It is a little bit confusing. In C# for multithread managing we have mutex and we have lock and in addition I found such lock RAII implementation
public class ReaderWriterLockSlim_ScopedLockRead : IDisposable
{
ReaderWriterLockSlim m_myLock;
public ReaderWriterLockSlim_ScopedLockRead(ReaderWriterLockSlim myLock)
{
m_myLock = myLock;
m_myLock.EnterReadLock();
}
public void Dispose()
{
m_myLock.ExitReadLock();
}
}
public class ReaderWriterLockSlim_ScopedLockWrite : IDisposable
{
ReaderWriterLockSlim m_myLock;
public ReaderWriterLockSlim_ScopedLockWrite(ReaderWriterLockSlim myLock)
{
m_myLock = myLock;
m_myLock.EnterWriteLock();
}
public void Dispose()
{
m_myLock.ExitWriteLock();
}
}
}
I would like to understand the difference between them, as for me mutex is a first multithreading managing implementation you need to call mutex.lock() and then don't forget to call mutex.release() it is usually not so suitable to call mutex.release() because you can get an error at the middle of execution, so here we have lock(obj){} as far as I see it is kind of RAII object with the same behavior but if you get error at the middle under the hood it will call mutex.release() and all nice.
But what about the last custom implementaion that I posted?
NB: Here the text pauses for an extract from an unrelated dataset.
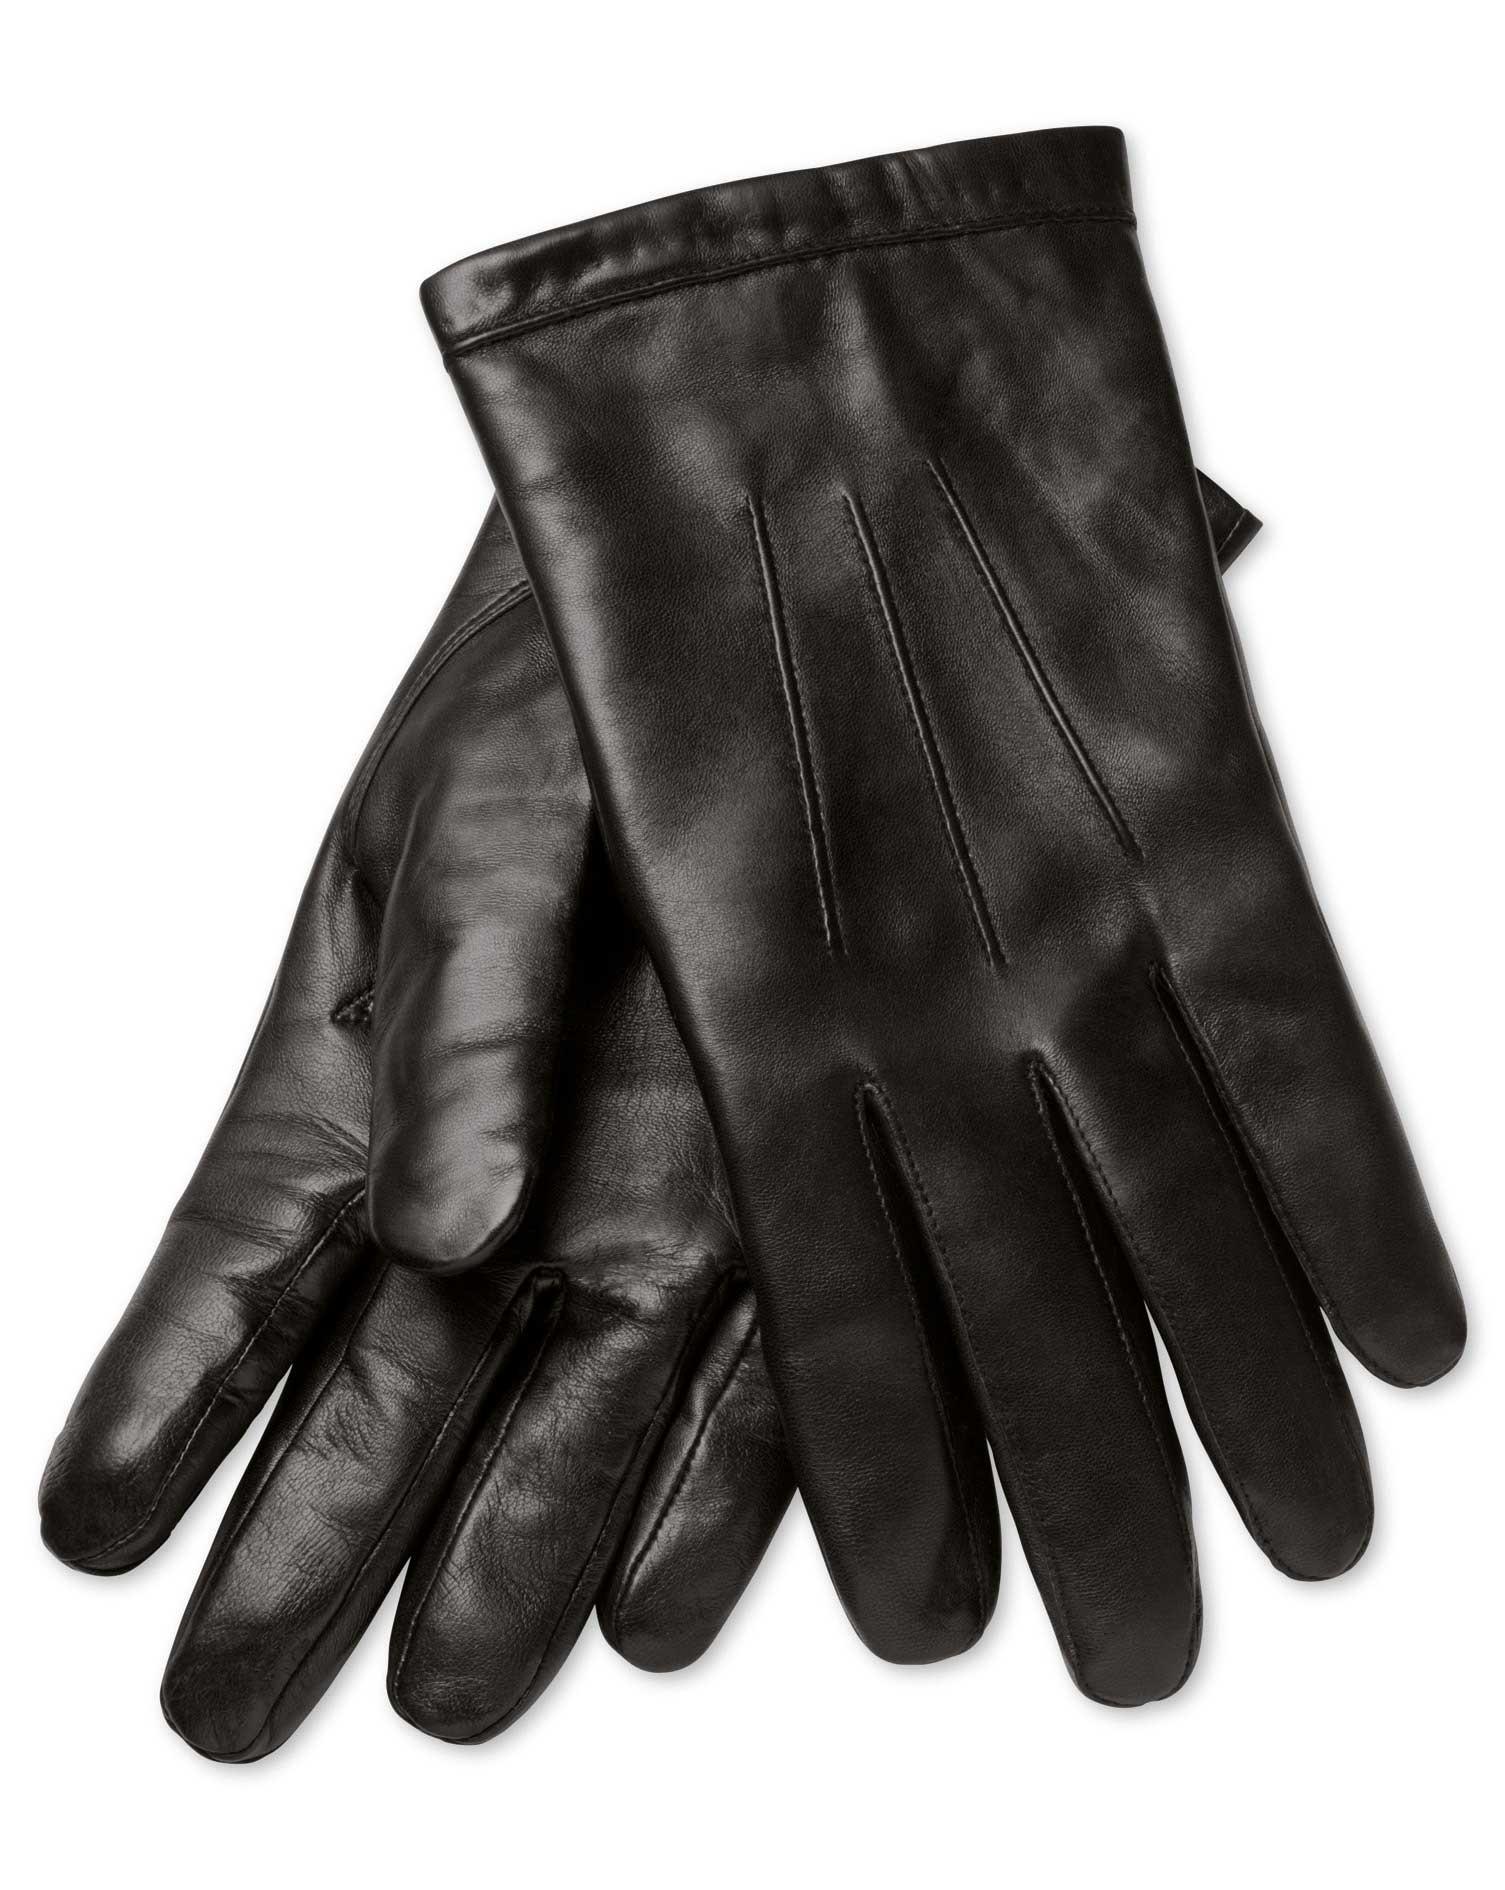 Black Leather Gloves Size Medium by Charles Tyrwhitt

It looks like the same with lock(obj){}, just with a difference that we have read and write behavior, like in write state it is possible that a few threads get accesses to method and with read state just one by one...
Am I right here?
So for locking it's important that every lock that is acquired is also released (no matter if the code it was locking had any exceptions). So normally, no matter what lock you use, it'll look something like this:
myLock.MyAcquireMethod();
try
{
//...
}
finally
{
myLock.MyReleaseMethod();
}
Now for the Monitor locking mechanism in c# they have a keyword to make it easier: lock.
which basically wraps the acquiring and releasing in one lock code-block.
So this:
lock(myObj)
{
//...
}
Is just a more convenient way of writing this:
Monitor.Enter(myObj);
try
{
//...
}
finally
{
Monitor.Exit(myObj);
}
Sadly for the other locks (and because Monitor has it's limitations we don't always want to use it) we don't have such a handy short way of doing the whole thing, and to solve that the ReaderWriterLockSlim_ScopedLockRead wrapper implements IDisposable that gives you this try finally mechanism (using also guarantees that Dispose() is called on the IDisposable no matter if the code ran to completion or an exception occurred.
So instead of:
m_myLock.EnterWriteLock();
try
{
//...
}
finally
{
m_myLock.ExitWriteLock();
}
You're now able to do this:
using(new ReaderWriterLockSlim_ScopedLockRead(m_myLock))
{
//...
}
Hope this answers your question!
As a bonus a warning on the Monitor class of c#. This locking mechanism is re-entrant on a thread level. Meaning the thread holding the lock is allowed to acquire it multiple times (though it also has to release it multiple times), which allows you to do something like this:
private readonly object _myLock = new object();
public void MyLockedMethod1()
{
lock(_myLock)
{
MyLockedMethod2();
}
}
public void MyLockedMethod2()
{
lock(_myLock)
{
//...
}
}
So no matter if MyLockedMethod2 is called directly or through MyLockedMethod1 (that might need the lock for other stuff as well) you can have thread-safety.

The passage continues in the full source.